Anxiety and Opportunity
At the darkest moment of the Second World War, there were perhaps a dozen democracies in the world. As late as 1989, there were twice as many autocratic governments as democracies. Twenty years later, however, democracies outnumbered autocracies 100 to 78, and the share of the world’s population living under autocracy had fallen by half. From a U.S. perspective, democracy’s global advance was one of the most hopeful developments of the post-1945 era. From the perspective of China’s leaders, however, it was a clear sign that the liberal world order was rigged against their form of government and needed to be changed before it destroyed their regime.
According to Beijing’s narrative, the problem started at the beginning of the postwar period, when the United States exploited its dominance to inject radical liberal ideas into international institutions. For example, the UN’s 1948 Universal Declaration of Human Rights (UDHR) was modeled on the U.S. Bill of Rights. The UDHR states that all humans are born free and have the right to overthrow governments that fail to respect that freedom. In later decades, Beijing watched in horror as dozens of nations, including South Korea and Taiwan, evolved into prosperous democracies. The expanding global posse of democracies subsequently used military force, economic sanctions, and an array of media and human-rights organizations to undermine dozens of autocratic regimes—not just those of tin-pot dictators, but also the Soviet Union and nearly the PRC itself in 1989.
Although PRC leaders long chafed at this ideological pressure, it was bearable so long as China enjoyed a booming economy and a stable periphery. When Gross Domestic Product was growing three times faster than the democratic average during the 1990s and 2000s, it was easy for Beijing to persuade people at home and abroad that authoritarianism was best for China, if not for other countries.
But now, China’s economy is slowing, and the regime is coming under greater domestic pressure—witness the large-scale protests that broke out against Xi’s covid-zero policy in multiple cities and dozens of universities in late 2022. Beijing confronts growing international criticism and resistance on multiple fronts. Around the world, negative views of China have surged to highs not seen since the 1989 Tiananmen Square Massacre. The Taiwanese have become more determined than ever to maintain their de facto sovereignty. Japan is doubling its defense spending and explicitly preparing for war against China this decade. Under a new democratically elected government, the Philippines is bolstering its defense ties with the United States. India is massing forces on China’s western border. The European Union recently labeled China a “systemic rival” and suspended its investment treaty with Beijing. Even the UN, in which China holds numerous leadership positions, recently released a report declaring that Beijing may have committed “crimes against humanity” in Xinjiang.
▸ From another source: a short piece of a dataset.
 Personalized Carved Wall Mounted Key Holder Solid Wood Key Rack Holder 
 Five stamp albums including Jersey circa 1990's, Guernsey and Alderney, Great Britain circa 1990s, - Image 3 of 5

Buffeted by growing headwinds, autocracy is no longer such an easy sell for the CCP. China’s citizens were willing to forgo political rights when their wallets and their country’s international status were swelling, but it is an open question whether they will continue to do so under harsher conditions. That question is especially pressing as regards China’s millennials, born in the 1980s and 1990s, who have known nothing but upward economic and international mobility.
China’s rulers also have long understood what political scientists have proven empirically: Autocracies often fall in waves, as revolutionary activity in one country inspires popular uprisings in others. A democratic domino effect brought down communist regimes across Central and Eastern Europe in 1989. The self-immolation of a Tunisian fruit vendor in late 2010 set much of the Arab world aflame. The lesson is that revolution anywhere is a threat to autocracy everywhere. Xi Jinping knows this: Not long after the Arab Spring, he privately fretted to President Barack Obama and Vice-President Joe Biden that China was a target of “color revolutions” and vulnerable to the type of upheaval engulfing the Middle East.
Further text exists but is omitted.